The use of contemporary modelling techniques that map the fire risk for structures in WUI areas could play a significant role in improving risk reduction and mitigation through urban planning and governance. However, research that explores mapping wildfire risk in WUI areas is still in its seminal stages and is typically conducted at a territorial scale. Remarkably, the consideration of detailed-scale physical characteristics of settlements and structures, along with their nuances, remains an emerging field of research, which is commonly addressed through the examination of post-disaster scenarios with data collected through field surveys. Examples of this type of approach include, for instance, Papathoma-Köhle et al. (2022), who developed a physical vulnerability index for buildings subject to wildfire. To do this, they used data (13 building structural and surrounding features) from 423 built units affected by the Mati fire that occurred in Greece in 2018 and applied the random-forest-based Boruta algorithm to estimate the feature importance of each of those elements on the degree of damage. In turn, Dossi et al. (2022) used a similar approach (but only considering built features and not characteristics from the immediate surroundings), taking a large sample of 17 500 buildings exposed to wildfires in California, USA (between 2013 and 2017), and 1190 buildings exposed to the 2017 Pedrógão Grande fire complex in Portugal. They applied statistical dependence tests to this database to examine the possible correlations between the dependent variable (i.e. the surveyed damage level) and the independent ones (i.e. each building feature).

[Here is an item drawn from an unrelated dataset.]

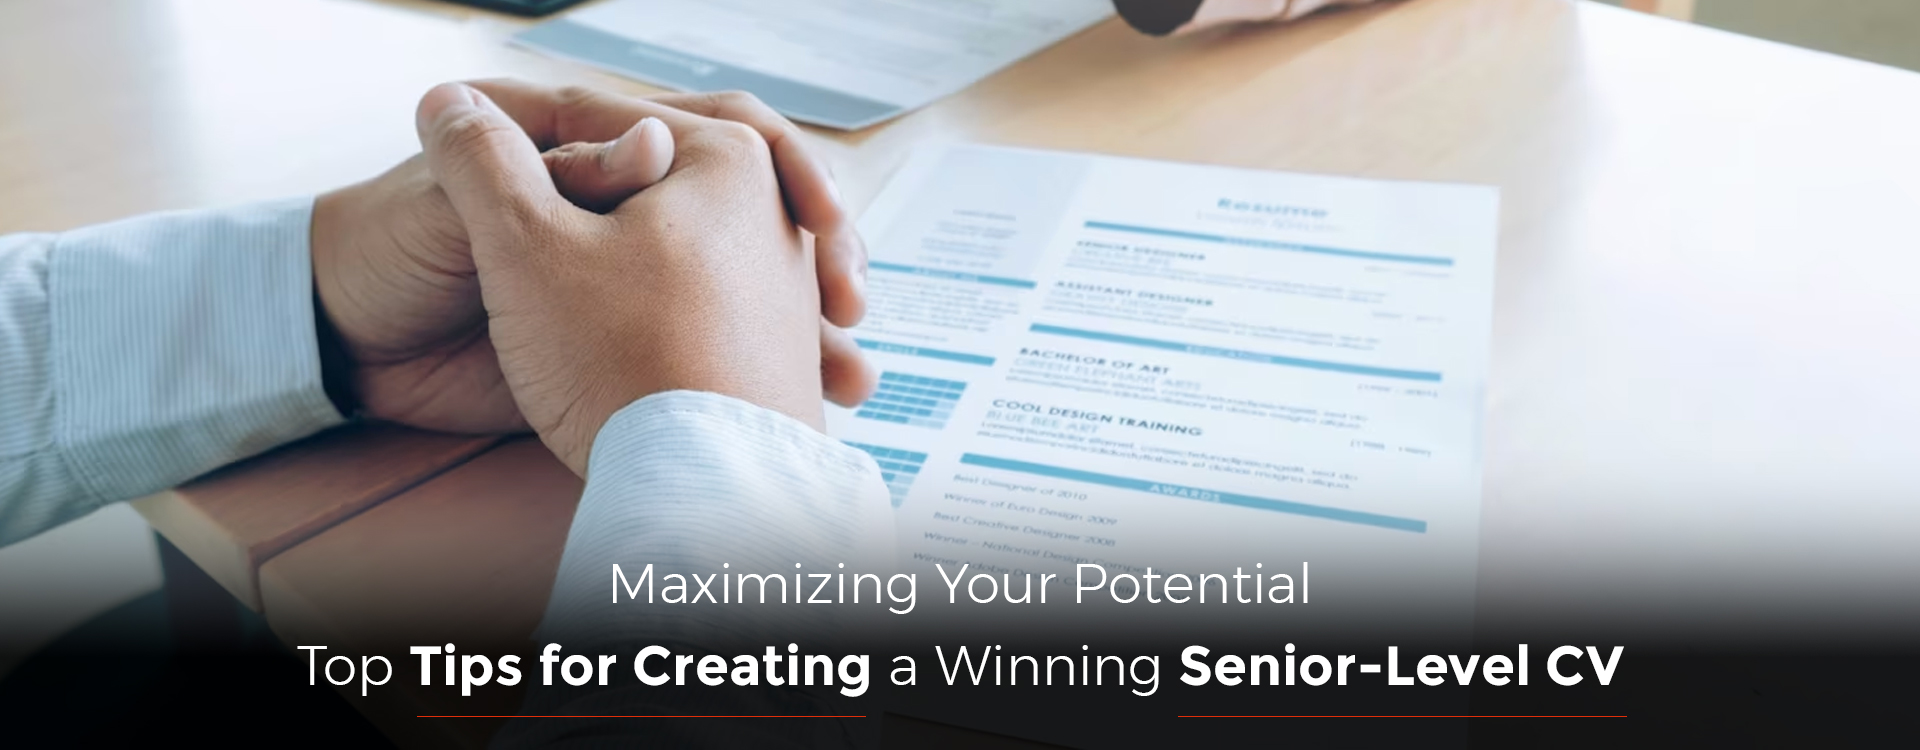 Maximizing Your Potential: Top Tips for Creating a Winning Senior-Level CV

In comparison to the sophisticated models currently available for assessing wildfire risk in rural contexts, the understanding of the feature importance of a built unit's physical characteristics as predictors of wildfire damage is still an emerging field of research. This is evidence of a fundamental shortcoming of risk assessment and mapping techniques that requires attention, particularly for the mitigation and prevention of wildfire risk in WUI areas.

1.3 The case of Chile

Chile's fire regime is dominated by frequent, low-intensity fires and some rare but exceptionally intense events, all concentrated in the south-central territory. Fire occurrence is highly seasonal and closely associated with precipitation and temperature variations (González et al., 2011). However, the occurrence of fire weather is increasing due to climate change (Urrutia-Jalabert et al., 2018). In this respect, Sarricolea et al. (2020) underline that climate change (with increasing temperatures and decreasing precipitation) has increased the probability, intensity, and speed of wildfire propagation, especially in subtropical and Mediterranean regions like the south-central area of Chile. As they point out, this trend was demonstrated by the tragic summer wildfires of 2016–2017, where the total burnt area was more than 500 000 ha (largely exceeding the records of the previous 2 decades, with roughly 50 000 to 100 000 burnt hectares per season). Moreover, the 2022–2023 summer season proved to be equally catastrophic, with roughly 440 000 damaged hectares and approximately 5700 recorded fires (CONAF, 2023a). Historical statistics show that only a small number of fires, representing approximately 0.6 % to 0.9 % of all fires, are responsible for 60 % of the burnt areas in the country (CONAF, 2023b). Furthermore, the central and southern areas are the most impacted by wildfires in terms of the number of events and affected surface area (Castillo et al., 2014). These regions also correspond to the most populated areas of Chile, with Sarricolea et al. (2020) reporting that almost 3 million people live in WUI areas. Furthermore, fire ignition is mostly associated with human activities (CONAF, 2023b).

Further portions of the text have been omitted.